Pictures in the data should be dropped; transcribe exactly the lines from the one that has "Launch of Education" through the one that has "Lily Rose Cake".

Data provided:
☆ ☆ ☆ ☆

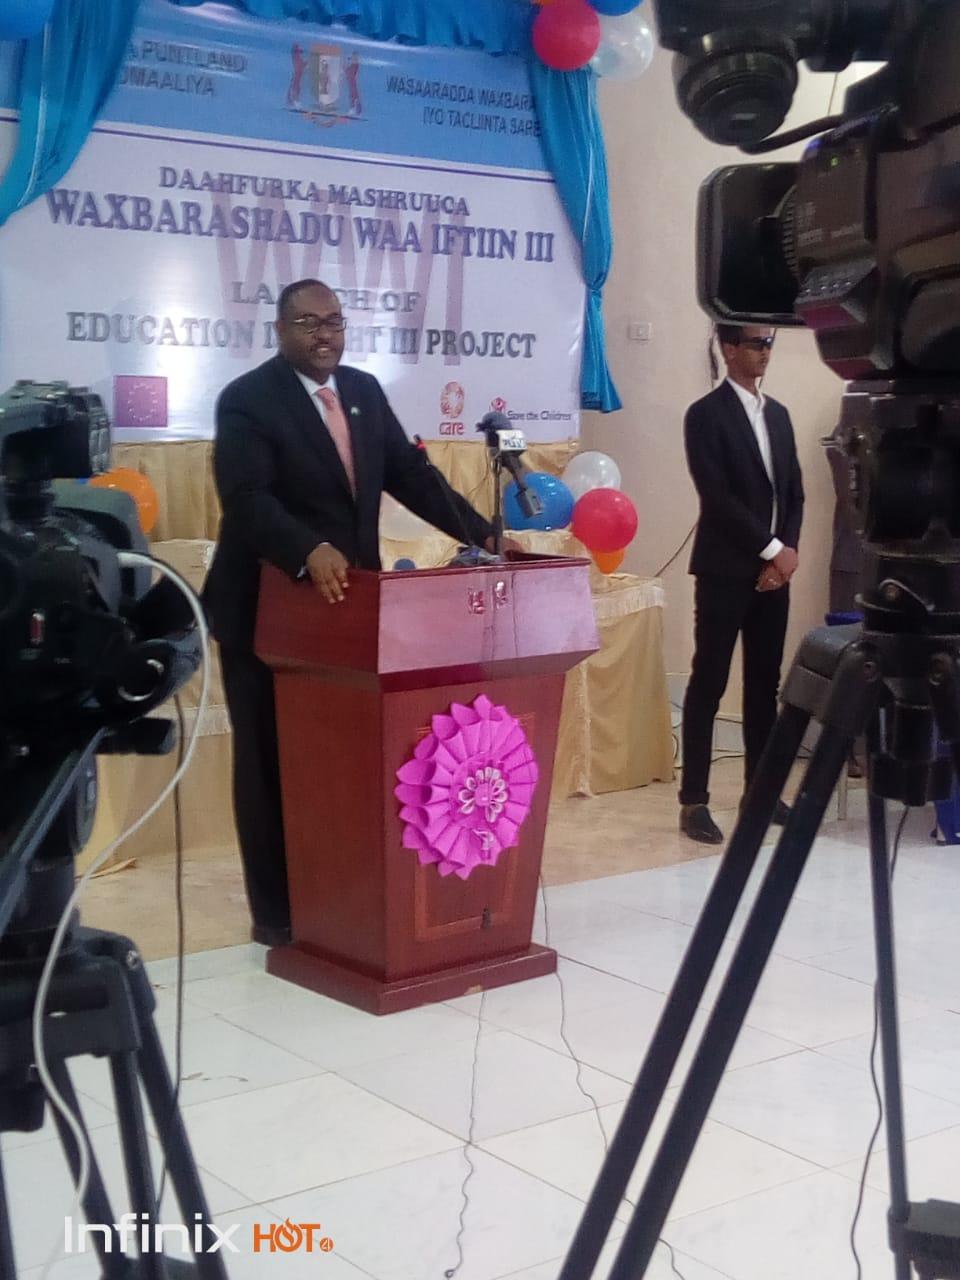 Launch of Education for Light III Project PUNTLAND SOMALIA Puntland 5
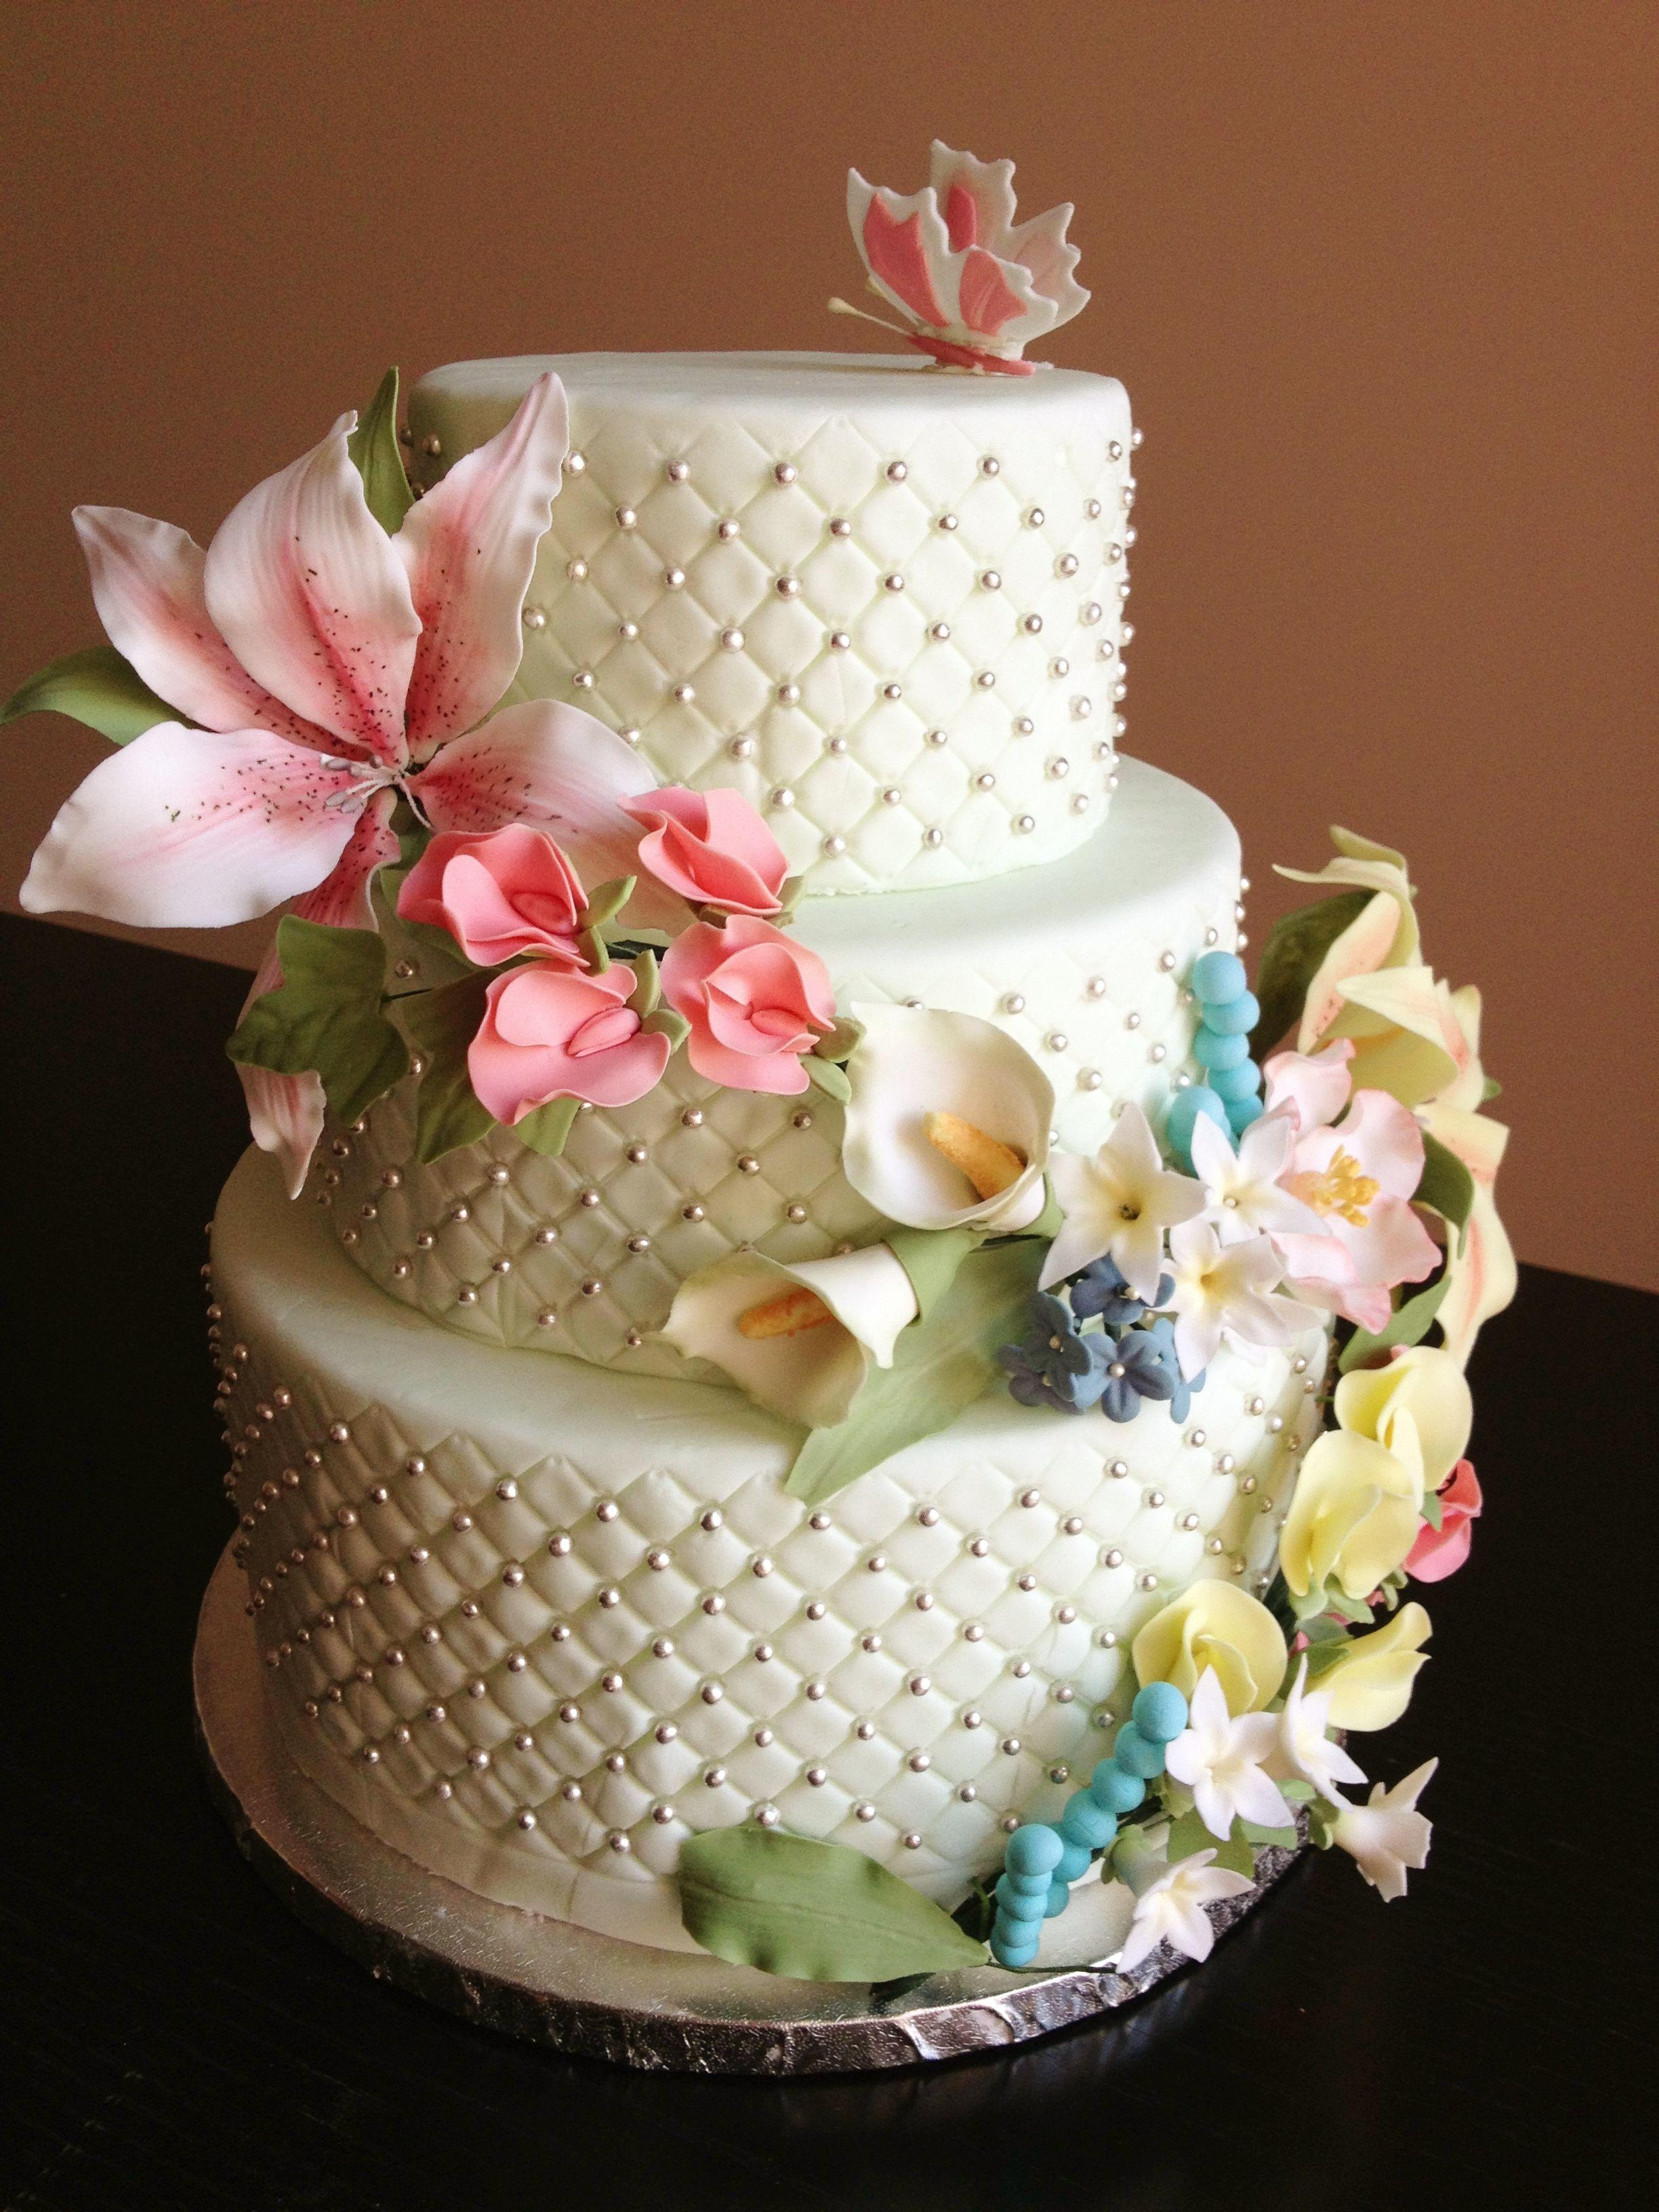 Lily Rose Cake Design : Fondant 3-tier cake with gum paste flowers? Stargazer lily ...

☆ ☆ ☆ ☆

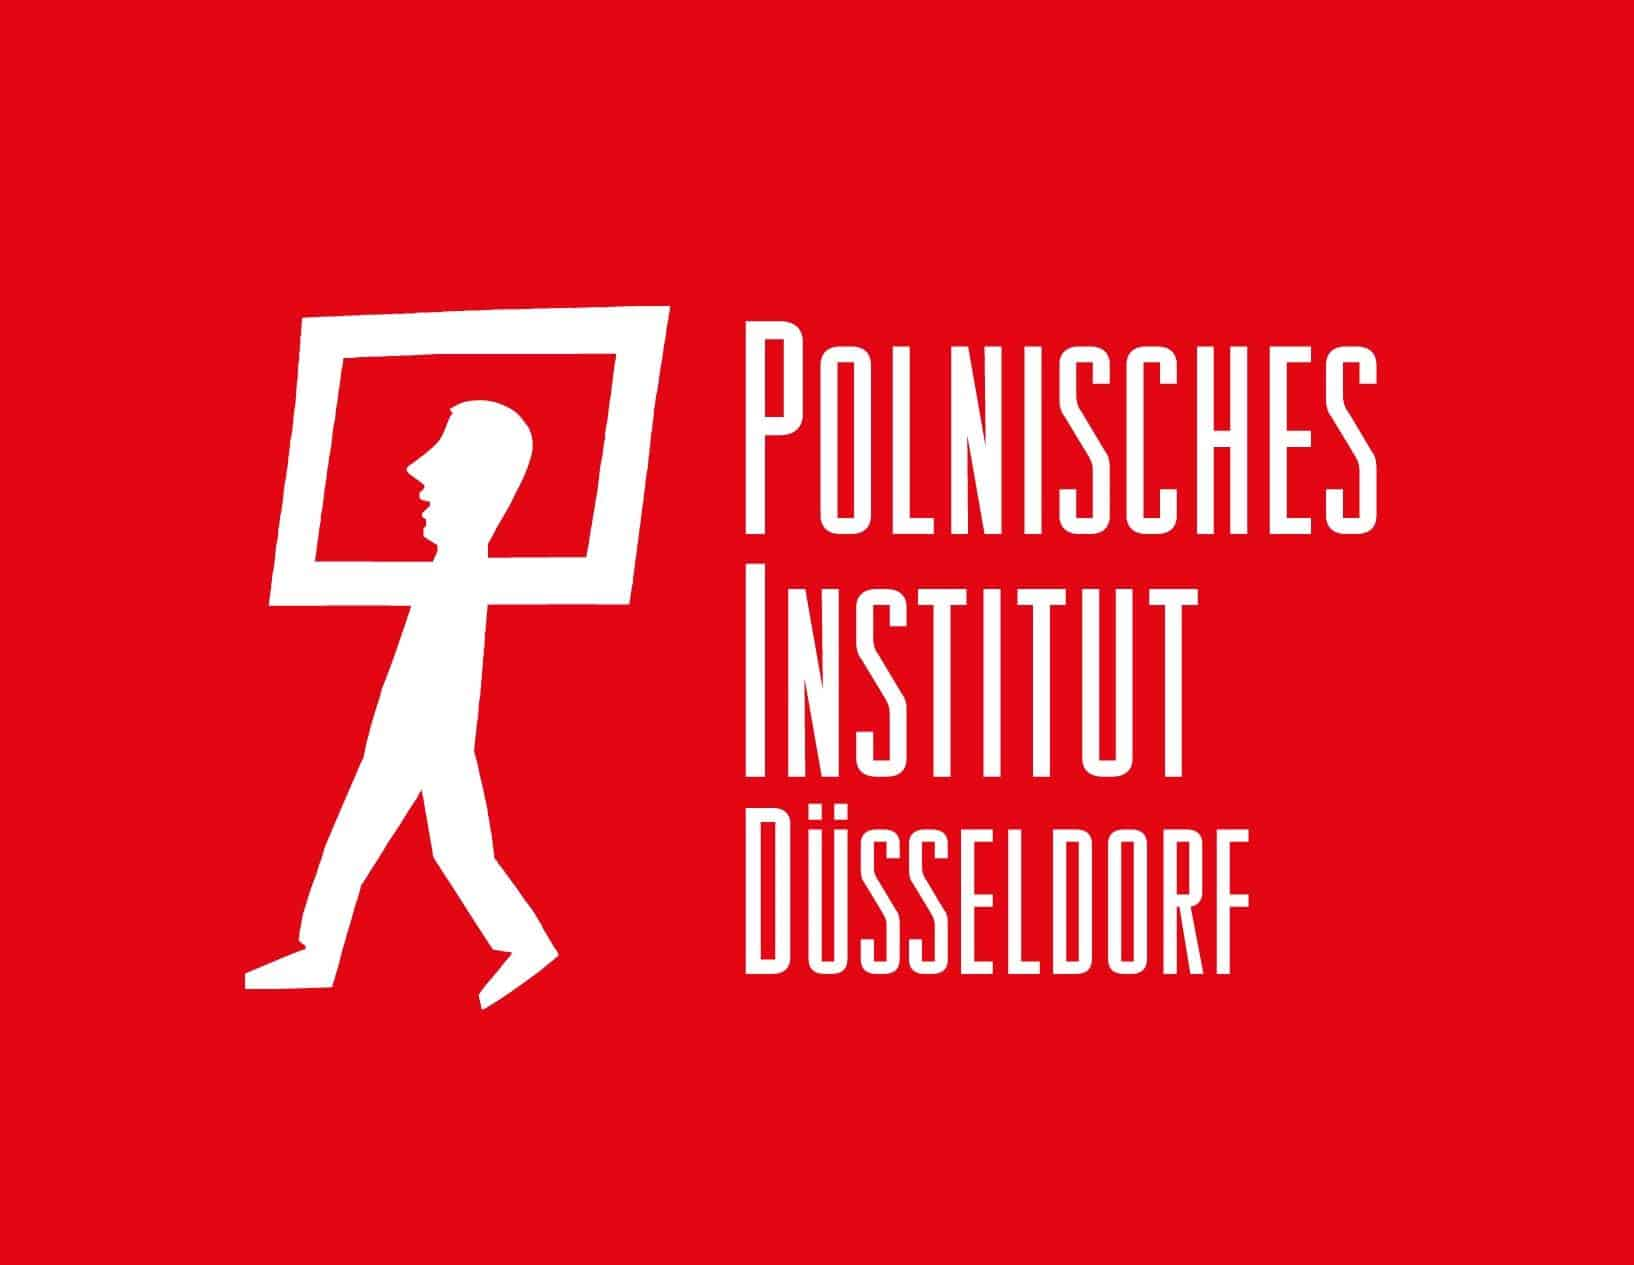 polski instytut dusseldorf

☆ ☆ ☆ ☆

Output for this task:
 Launch of Education for Light III Project PUNTLAND SOMALIA Puntland 5
 Lily Rose Cake Design : Fondant 3-tier cake with gum paste flowers? Stargazer lily ...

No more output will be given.